PARAMETER temperature 0.7
PARAMETER num_ctx 4096
EOF'
Increasing Context Length
By default, most models run with a 2048-token context window. For longer conversations:
docker exec -it ollama ollama run llama3.1:8b --num-ctx 8192
More context uses more memory. A 7B model with 8192 context needs roughly 2 GB more RAM than the default.

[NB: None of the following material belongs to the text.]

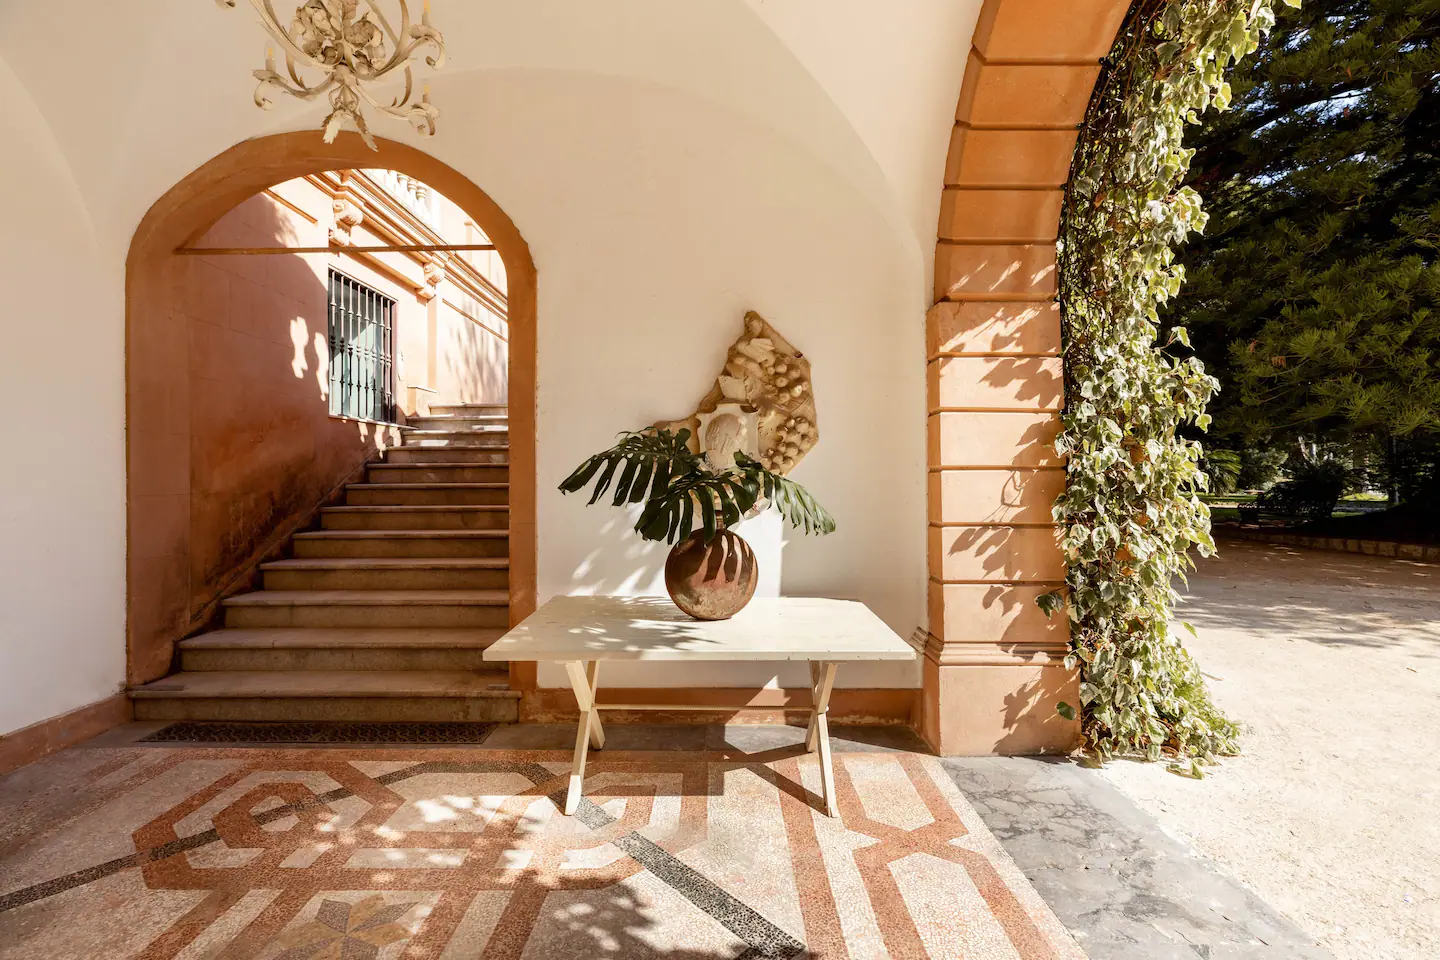 Villa Tasca, construção luxuosa vista em 'The White Lotus'. Foto: Divulgação/Airbnb 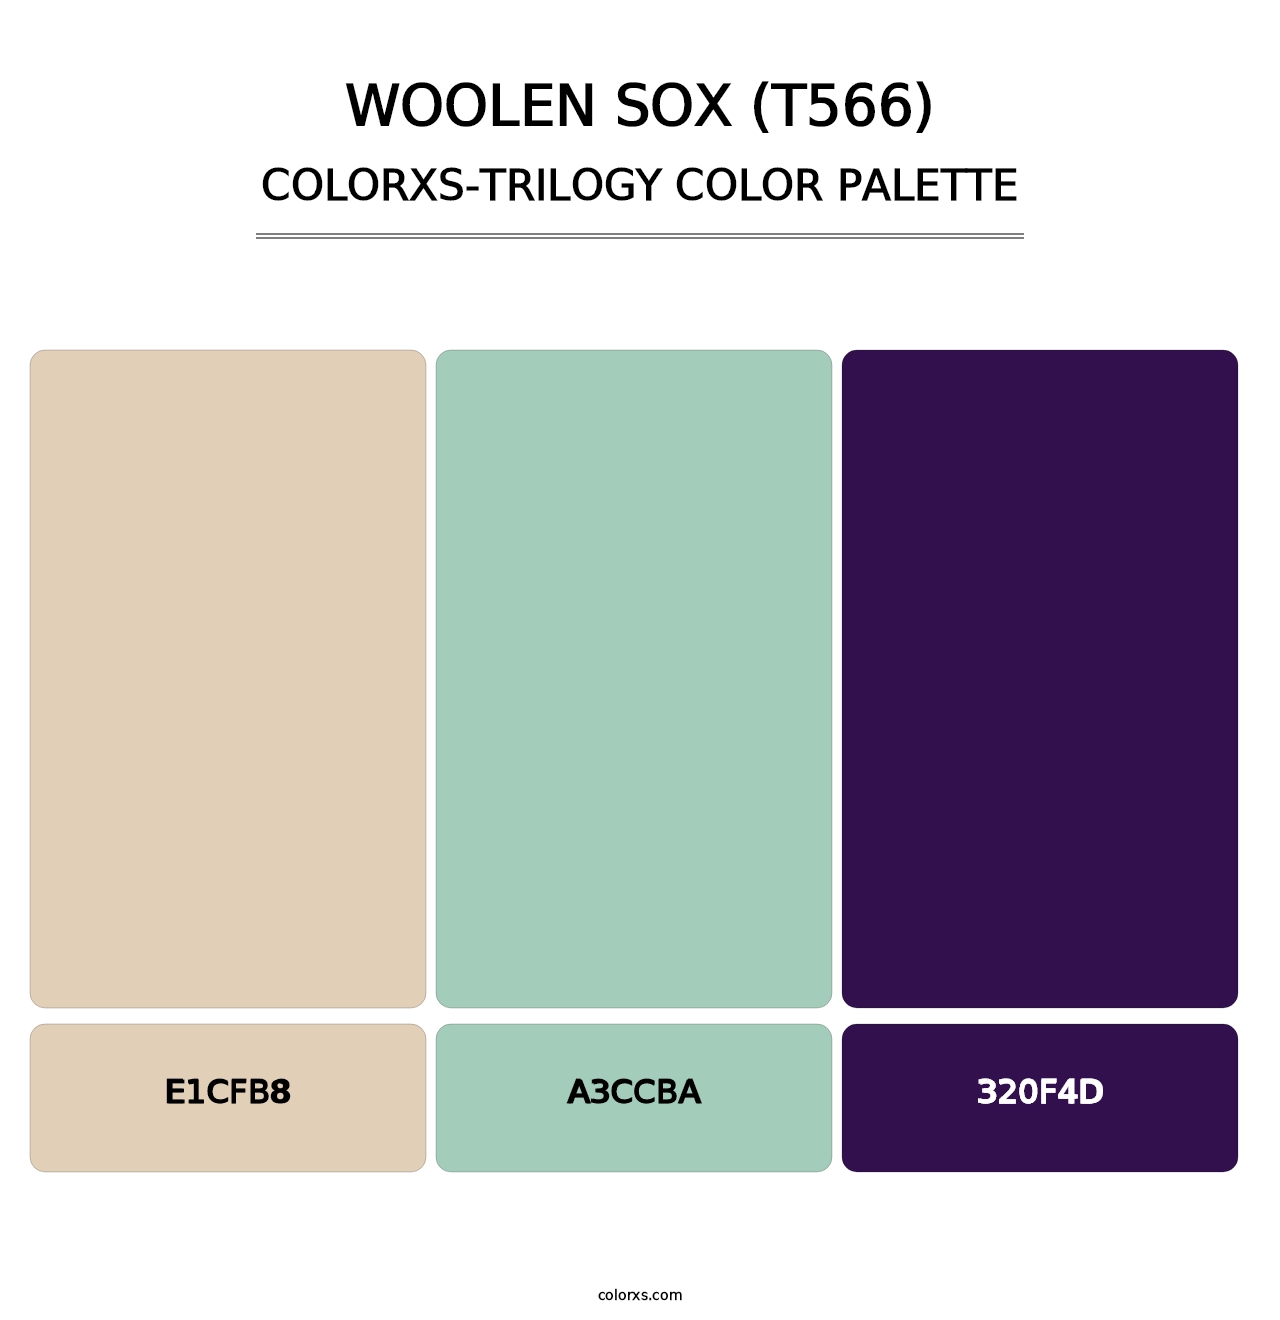 Woolen Sox (T566) - Colorxs Trilogy Palette

Exposing Ollama to Your Network
By default, Ollama only listens on localhost. To allow other devices (or Open WebUI on a different machine) to connect:
environment:
- OLLAMA_HOST=0.0.0.0
If you do this, make sure Ollama is behind a firewall or VPN. There is no built-in authentication.
Practical Use Cases
Self-hosted LLMs shine in specific scenarios:
- Privacy-sensitive queries -- medical questions, legal research, financial planning, anything you wouldn't type into a cloud service
- Code assistance -- local Copilot-like functionality without sending your codebase to a third party
- Document analysis -- upload contracts, papers, or reports to Open WebUI and ask questions about them
- Offline access -- works without internet once models are downloaded
- Learning and experimentation -- try different models, fine-tune prompts, understand how LLMs work without per-token costs
Self-Hosted LLMs vs Cloud APIs
| Feature | Self-Hosted (Ollama) | Cloud (ChatGPT/Claude) |
|---|---|---|
| Privacy | Complete -- nothing leaves your machine | Data sent to provider |
| Cost | Hardware only (one-time) | Per-token or subscription |
| Model quality | Good (7B-70B class) | State-of-the-art (GPT-4o, Claude) |
| Speed | Depends on hardware | Consistently fast |
| Internet required | No (after model download) | Yes |
| Customization | Full control (system prompts, fine-tuning) | Limited |
| Maintenance | You manage updates and hardware | Zero maintenance |
The honest truth: cloud models like GPT-4o and Claude are still significantly more capable than anything you can run locally on consumer hardware. Self-hosted LLMs are best as a complement to cloud services, not a replacement. Use them for privacy-sensitive tasks and experimentation, and cloud APIs when you need maximum quality.
Keeping Things Updated
Ollama and Open WebUI both move quickly. Update regularly:
docker compose pull
docker compose up -d
To update a model to the latest version:
docker exec -it ollama ollama pull llama3.1:8b
Verdict
Ollama and Open WebUI are the easiest way to run LLMs on your own hardware. The setup takes five minutes with Docker Compose, and the experience is genuinely good -- especially with a decent GPU. You won't match GPT-4 quality with a 7B model, but for many everyday tasks, local models are more than capable. The privacy and zero ongoing cost make it worth running alongside whatever cloud services you already use.